FIGURE 4.. Histologic subtypes of metaplastic breast cancer (MpBC) have heterogeneous gene expression profiles.

(A) Stacked bar graphs showing the distribution of TNBC subtypes within each histologic subtype of MpBC. The distribution of TNBC subtypes across the columns were compared, and the statistical significance is indicated according to: * p < 0.05, ** p < 0.01, *** p < 0.001, and **** p < 0.0001. (B) The Hallmarks pathways that are predicted to be up- or down- regulated (false discovery rate [FDR] < 5%) in each of the histologic subtypes of MpBC are shown. (C) The Canonical pathways that are enriched in the spindle (red bars, towards the left) and squamous (blue bars, towards the right) at a 5% FDR cutoff are shown. (D) Heatmap showing the expression levels of the significant genes (rows) from the Hallmarks Estrogen Response pathways across the MpBCs (columns). The colors indicate the normalized expression values of the genes, where warm and cold colors indicate higher and lower expression, respectively.

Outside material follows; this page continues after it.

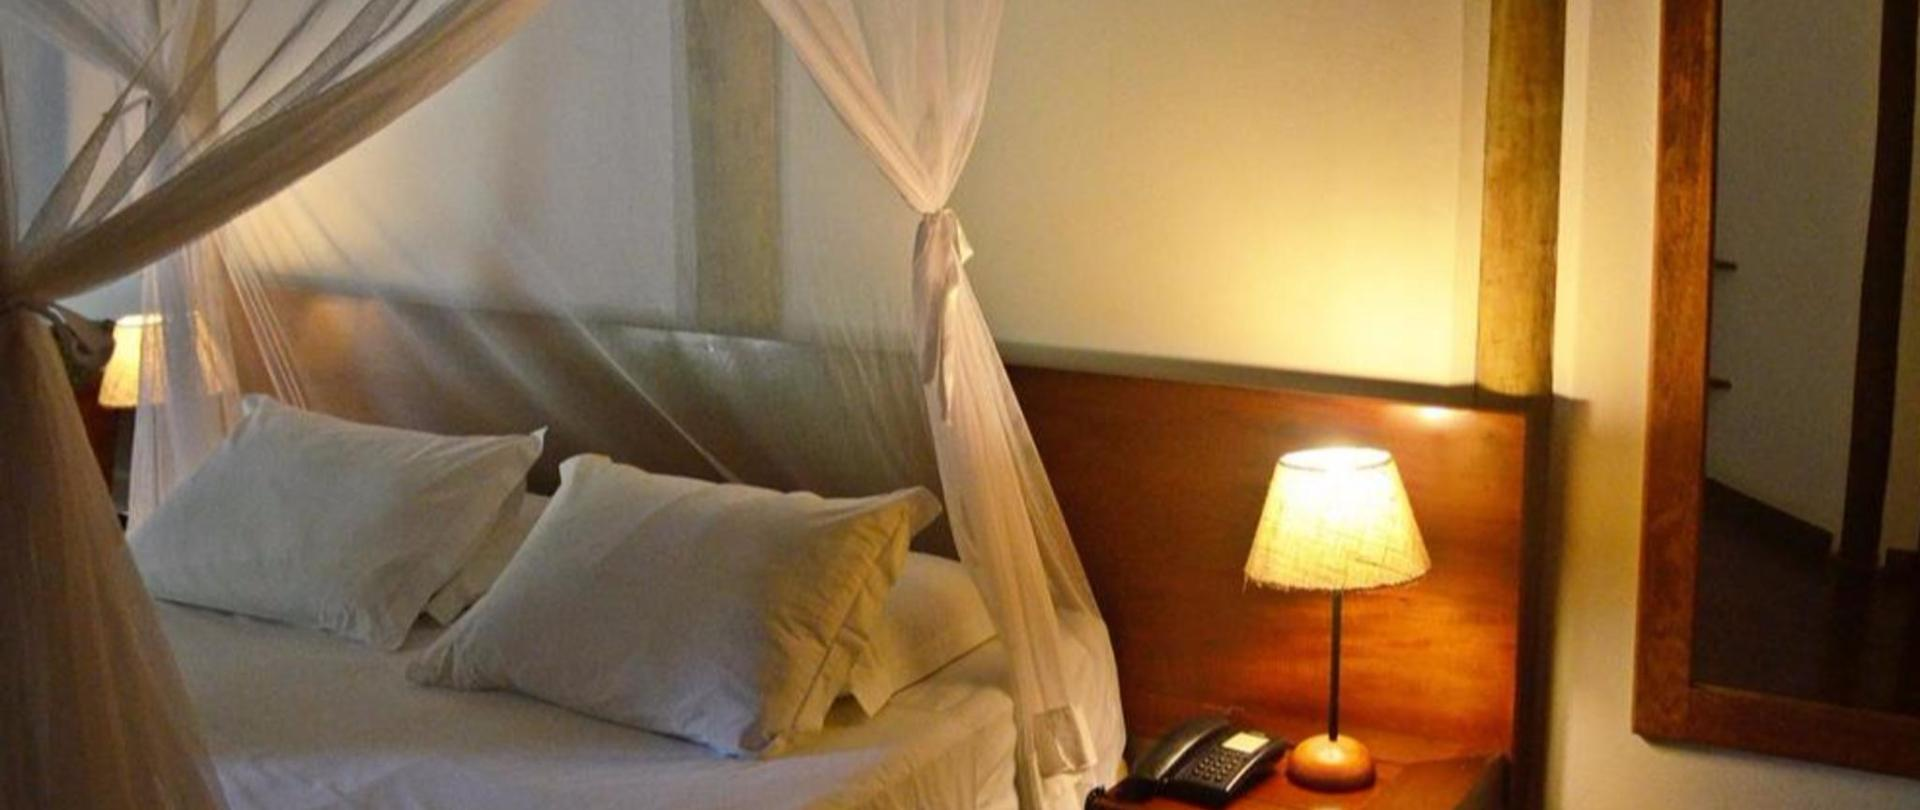 Anima Hotel, Morro de São Paulo, Bahia, Natureza, Praia Deserta3.jpg

The first row of boxes under the dendrogram show the subtype of the metaplastic tumors, and the second row indicates the data set. Beeswarm plots (right panel) show the expression level of FGFR3 and MAPK13 across each of the histologic subtypes of MpBCs (x-axis). The statistical significance is denoted using the same notation as in Fig 4A.

FIGURE 5.. Metaplastic-like TNBCs are a subset of non-metaplastic (non-Mp) TNBCs with gene expression profiles resembling metaplastic breast cancers (MpBC) and are associated with poor long-term outcomes.

(A) The distribution of TNBC subtypes for non-Mp TNBC, metaplastic-like TNBC, and bona-fide MpBCs are shown in the columns. The statistical significance is annotated as in Fig 4A. (B) Kaplan-Meier plots of event-free, metastasis-free, and overall survival for patients with MpBC (yellow line), non-Mp TNBC (blue line), and metaplastic-like TNBC (gray line).